This is a Korean ‘Namul’ inspired salad. It is absolutely easy to make, yet really yummy. As I always use a can of Tuna in Springwater, I add a reasonable amount of Salt, but you need to alter the amount of Salt. If you use Tuna in Oil, you may wish to use the Oil as well. In that case, alter the amount of Sesame Oil.


Makes

4 Servings

Ingredients

2 to 3 Carrots *250 to 300g
1 can (95g) Tuna *I used Tuna in Springwater
2 teaspoons Toasted Sesame Seeds

Dressing
1 tablespoon Sesame Oil
1 clove Garlic
1/4 teaspoon Salt *alter the amount
1/4 teaspoon Asian Chicken Bouillon Powder *optional
1 teaspoon Soy Sauce
1 teaspoon Rice Vinegar
Chilli Flakes OR Ground Chilli as required

Method
  1. Combine all the Dressing ingredients in a mixing bowl. *Note: If you use Tuna in Oil, you may wish to use the Oil as well.
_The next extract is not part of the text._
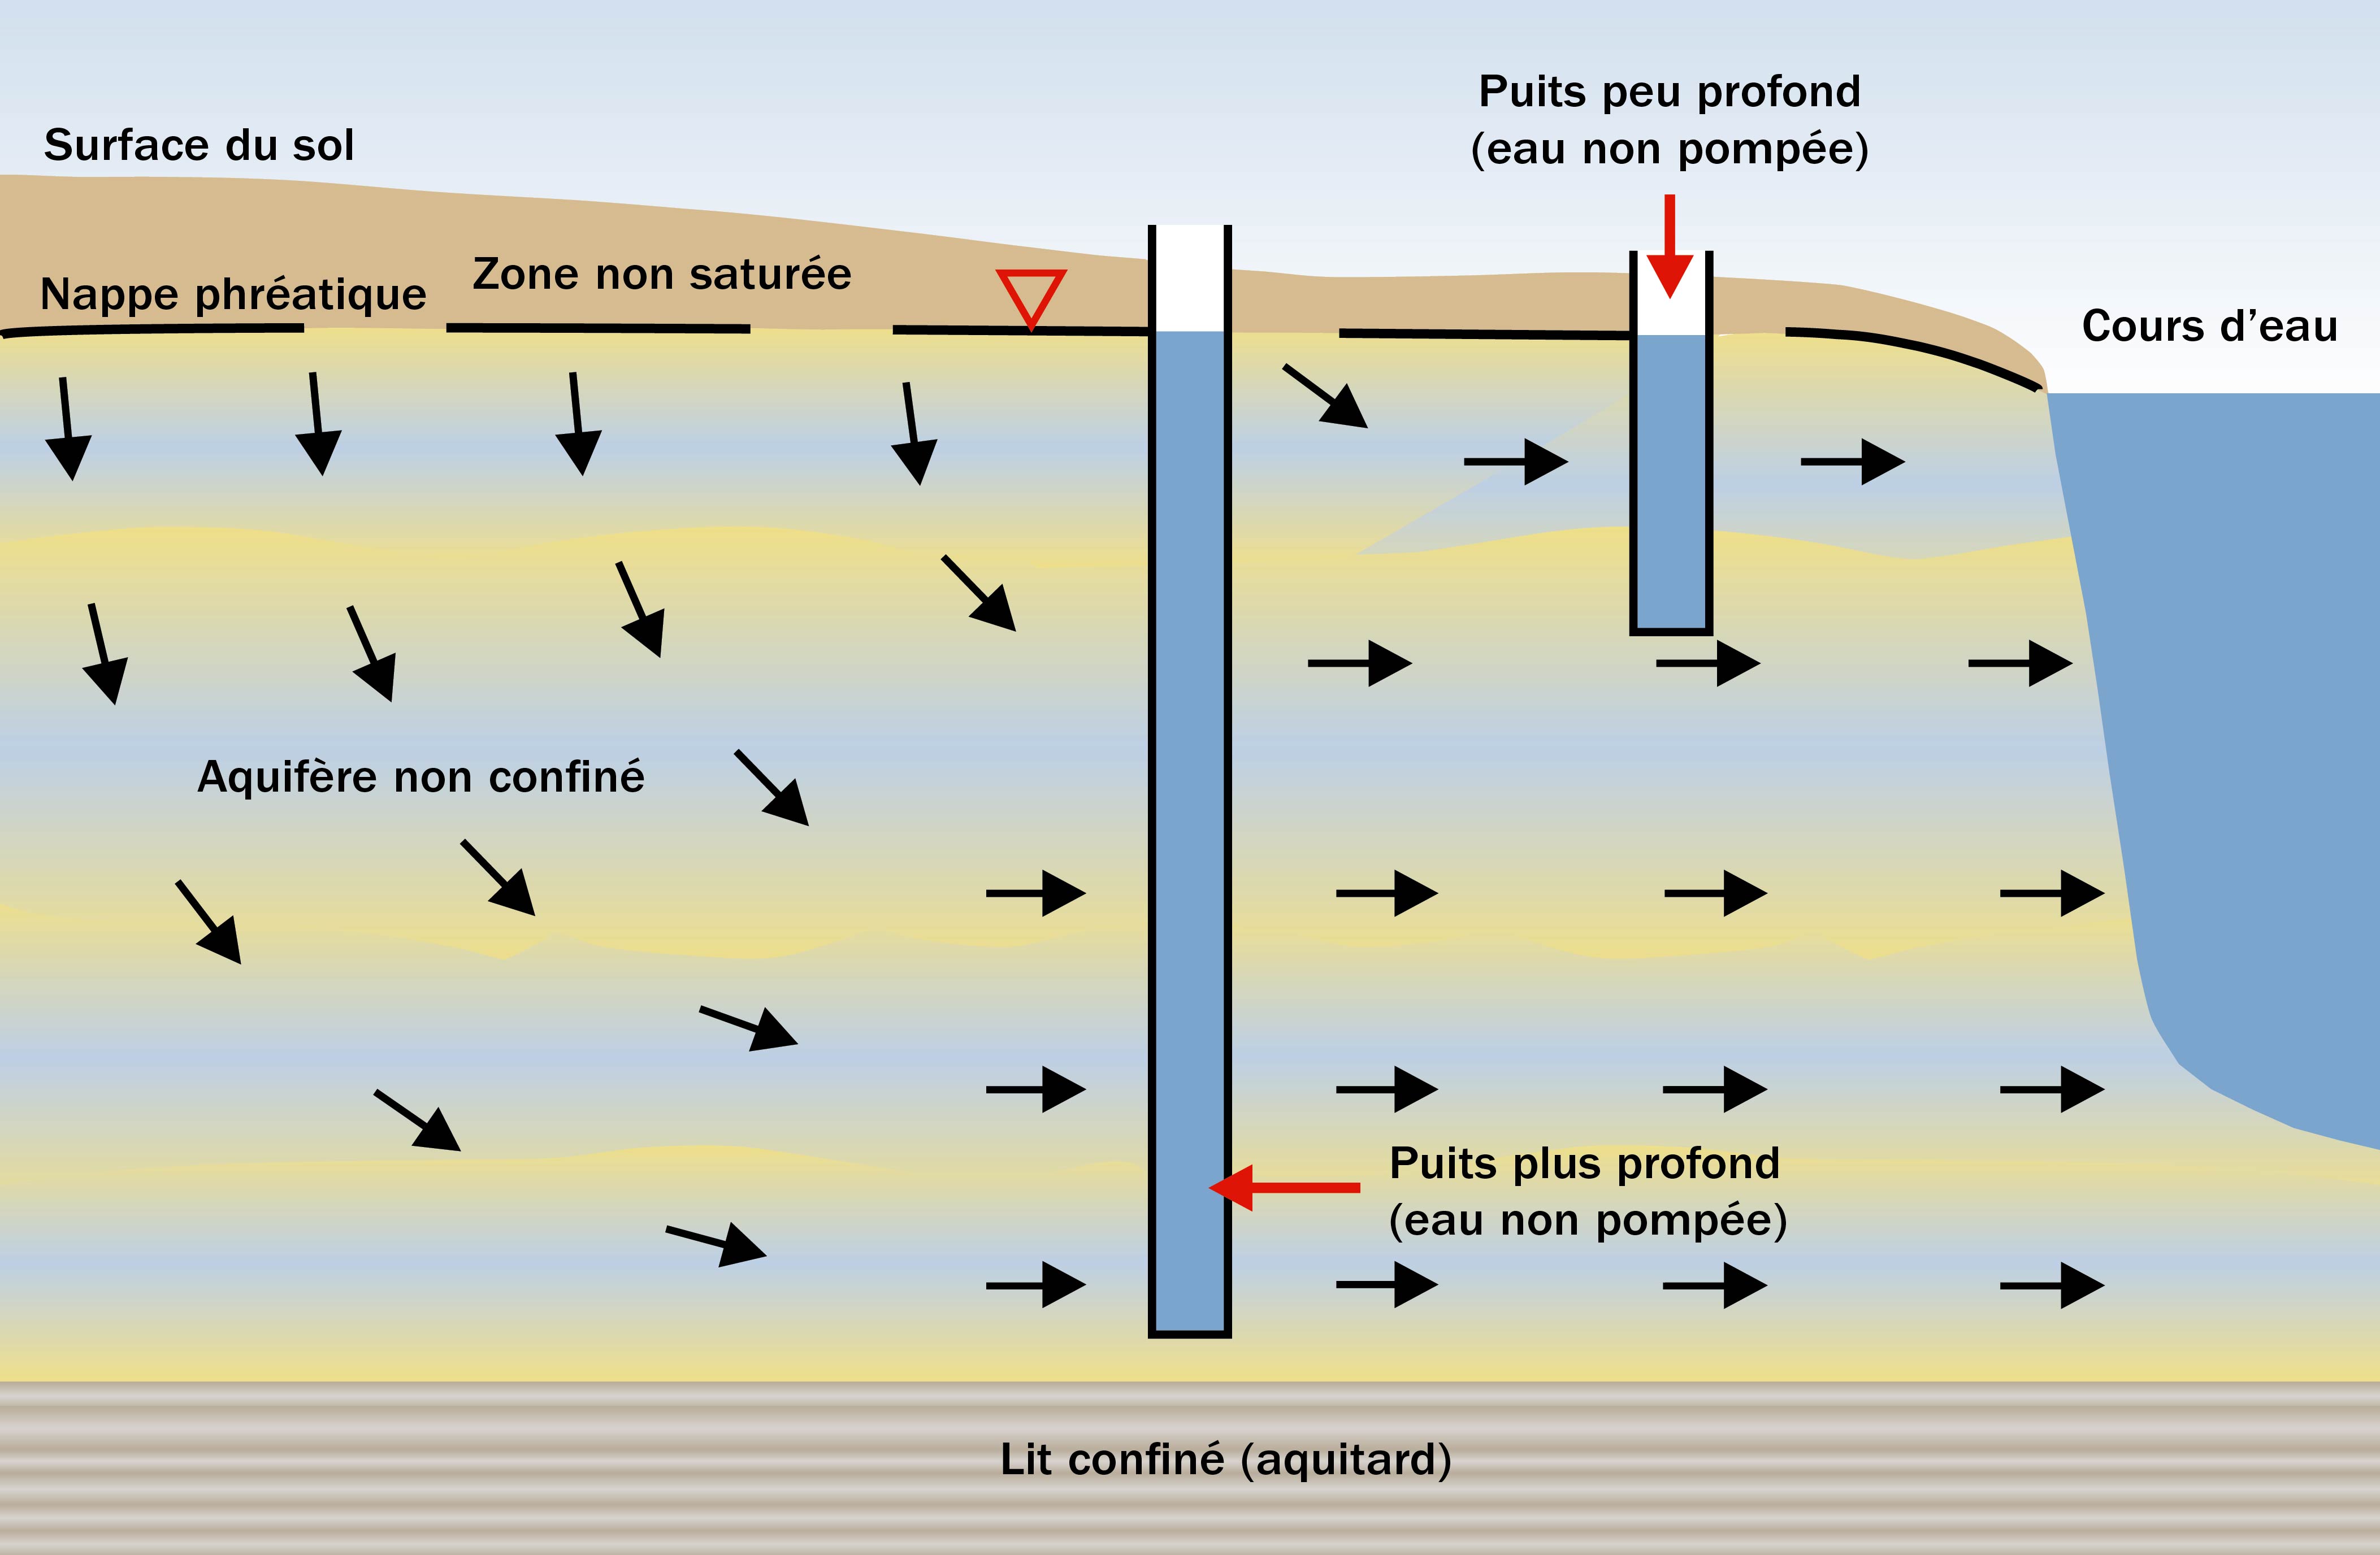 Figure 1. Le dessin montre le mouvement des eaux souterraines à partir de la nappe phréatique ou d’une zone non saturée à mesure que ces eaux s’écoulent à travers des puits profonds et peu profonds jusqu’à un cours d’eau à la droite des puits.

In that case, alter the amount of Sesame Oil.
  2. Cut Carrots into thin strips. It would be easy if you use a vegetable slicer. *Note: I don’t cook the sliced Carrots, but you can blanch OR microwave them if you prefer.
  3. Add the Carrots to the Dressing and mix well. Drain the can of Tuna and add to the Carrots, add Toasted Sesame Seeds as well, and mix to combine. Add extra Salt if required.